Setting Up Your C# Environment for Local Inference

Alright, let's get practical. If you're working in C#, you've got a few solid options for running models locally. The framework I've been using is LlmTornado—it's provider-agnostic, which means the same code works whether you're hitting OpenAI's API or running Ollama locally.

First, install the packages:

dotnet add package LlmTornado
dotnet add package LlmTornado.Agents

The key insight here is that modern C# AI libraries abstract away the complexity of dealing with different deployment targets. You write your code once, and it works whether you're in the cloud or on the edge.

Running Local Models with Ollama

Here's something I found super useful: edge AI frameworks in 2025 leverage hardware accelerators to reduce latency and improve speed during on-device inference. Tools like Ollama make it trivial to deploy models locally that were previously cloud-only.

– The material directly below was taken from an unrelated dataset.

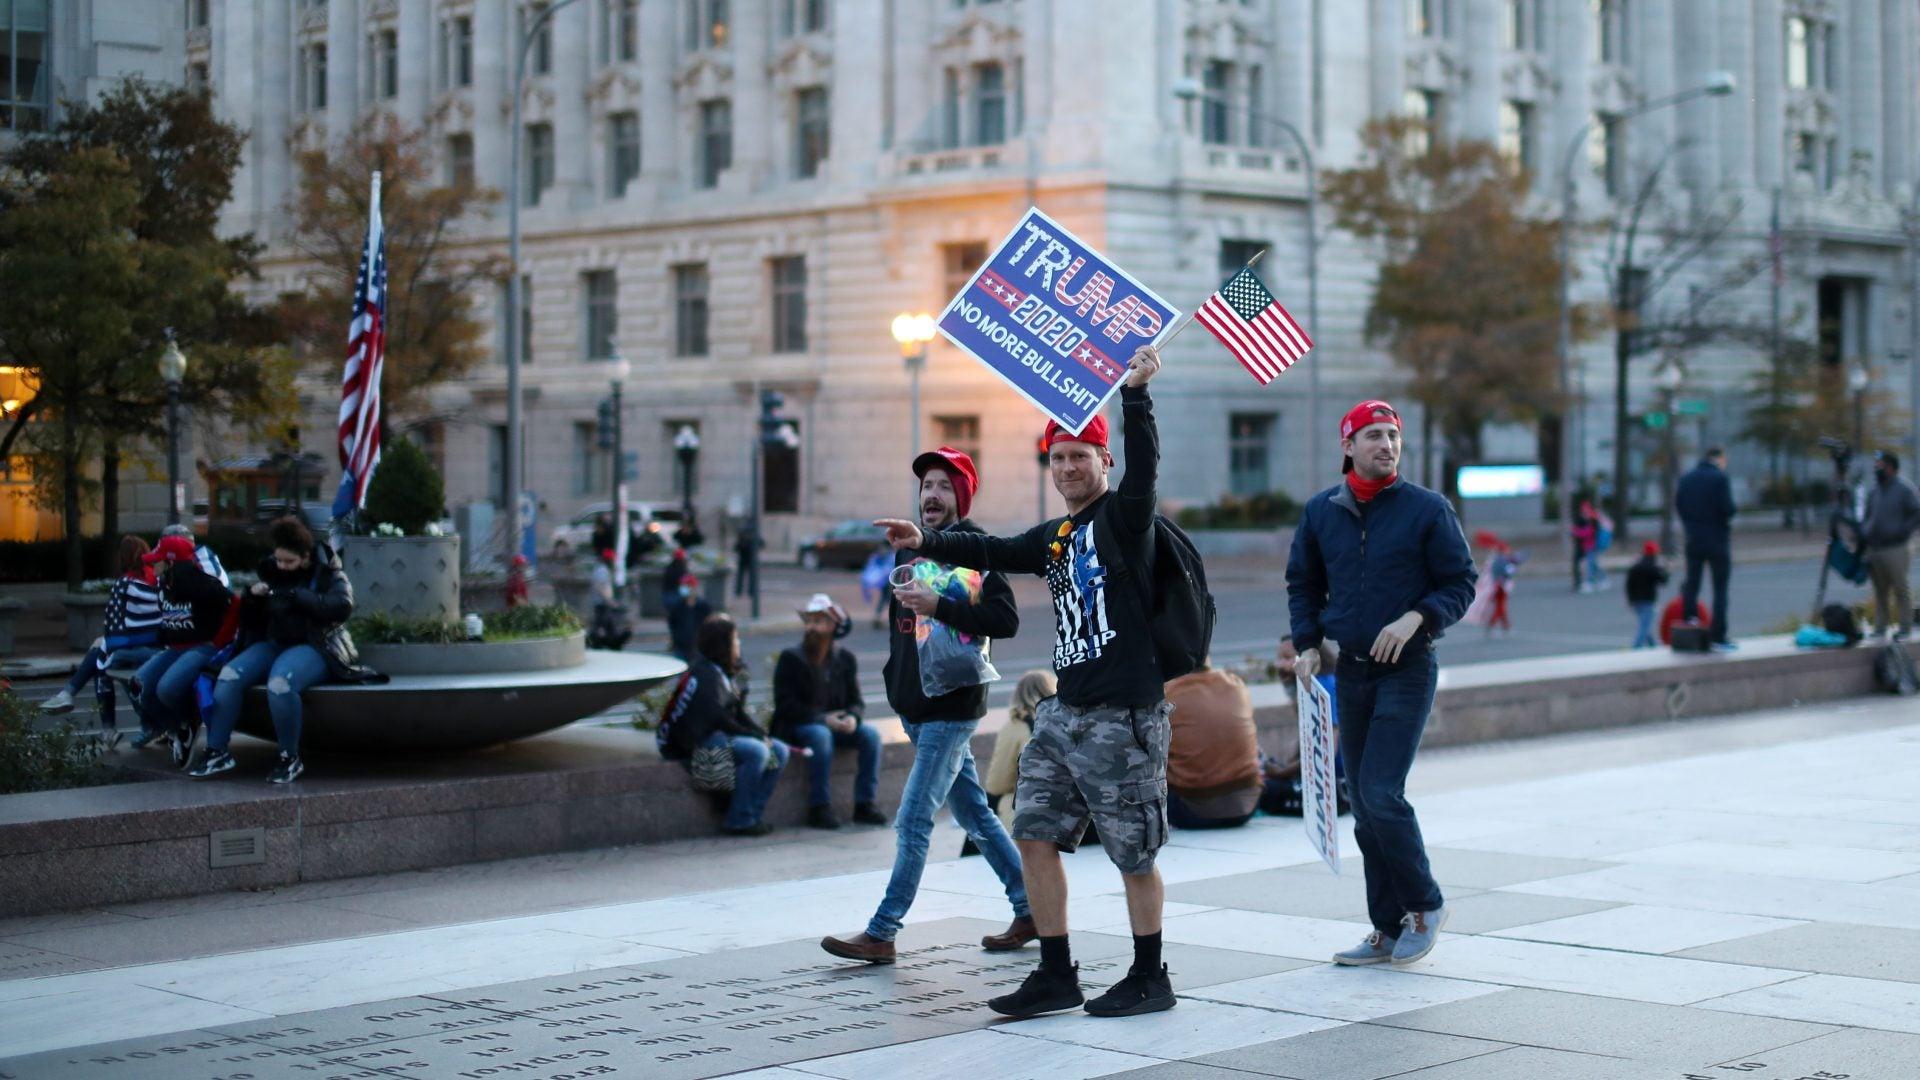 'Million MAGA March' In Washington D.C. Ends In Violence, Arrests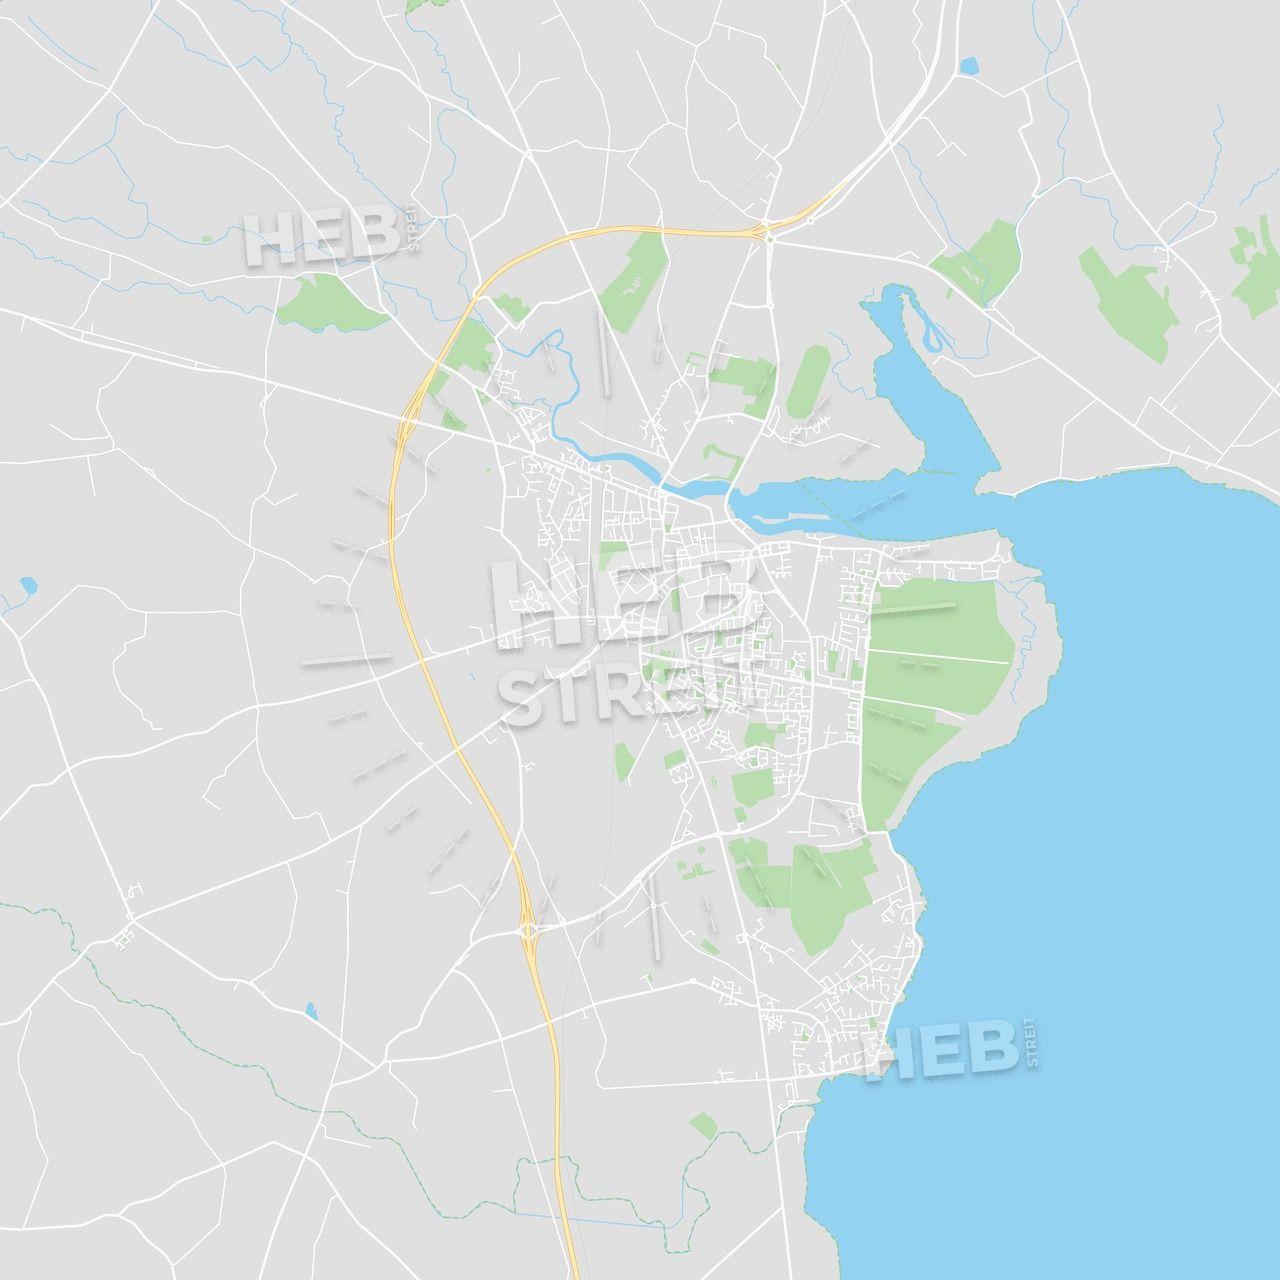 Dundalk Map Of Ireland.Dundalk Ireland Printable Street Map Maps Vector Downloads Map

Here's how I set up a local inference endpoint with Ollama:

using LlmTornado;
using LlmTornado.Chat;
using LlmTornado.Chat.Models;

// Point to your local Ollama instance
TornadoApi api = new TornadoApi(new Uri("http://localhost:11434"));

// Create a conversation with a local model
Conversation conversation = api.Chat.CreateConversation(new ChatRequest
{
    Model = new ChatModel("falcon3:1b"),
    MaxTokens = 500
});

conversation.AppendUserInput("Analyze this patient symptom log for patterns.");

// Get response from local model
string? response = await conversation.GetResponse();
Console.WriteLine(response);

The beauty here? If I need to switch back to a cloud provider (maybe for a more powerful model), I just swap out the API initialization. The rest of my code stays identical.

Streaming for Better UX

One thing I learned the hard way: even with on-device inference, you want streaming. Users perceive streaming responses as faster, even if the total time is the same. Here's how I implemented it:

using LlmTornado;
using LlmTornado.Chat;
using LlmTornado.Chat.Models;

TornadoApi api = new TornadoApi(new Uri("http://localhost:11434"));

Conversation conversation = api.Chat.CreateConversation(new ChatRequest
{
    Model = new ChatModel("falcon3:1b"),
    Stream = true
});

conversation.AppendUserInput("Summarize this medical document.");

// Stream the response token by token
await conversation.StreamResponse(chunk =>
{
    Console.Write(chunk);
});

Streaming is especially critical for edge AI because it provides immediate feedback to users. Even though the total inference time might be fast, streaming makes it feel instantaneous.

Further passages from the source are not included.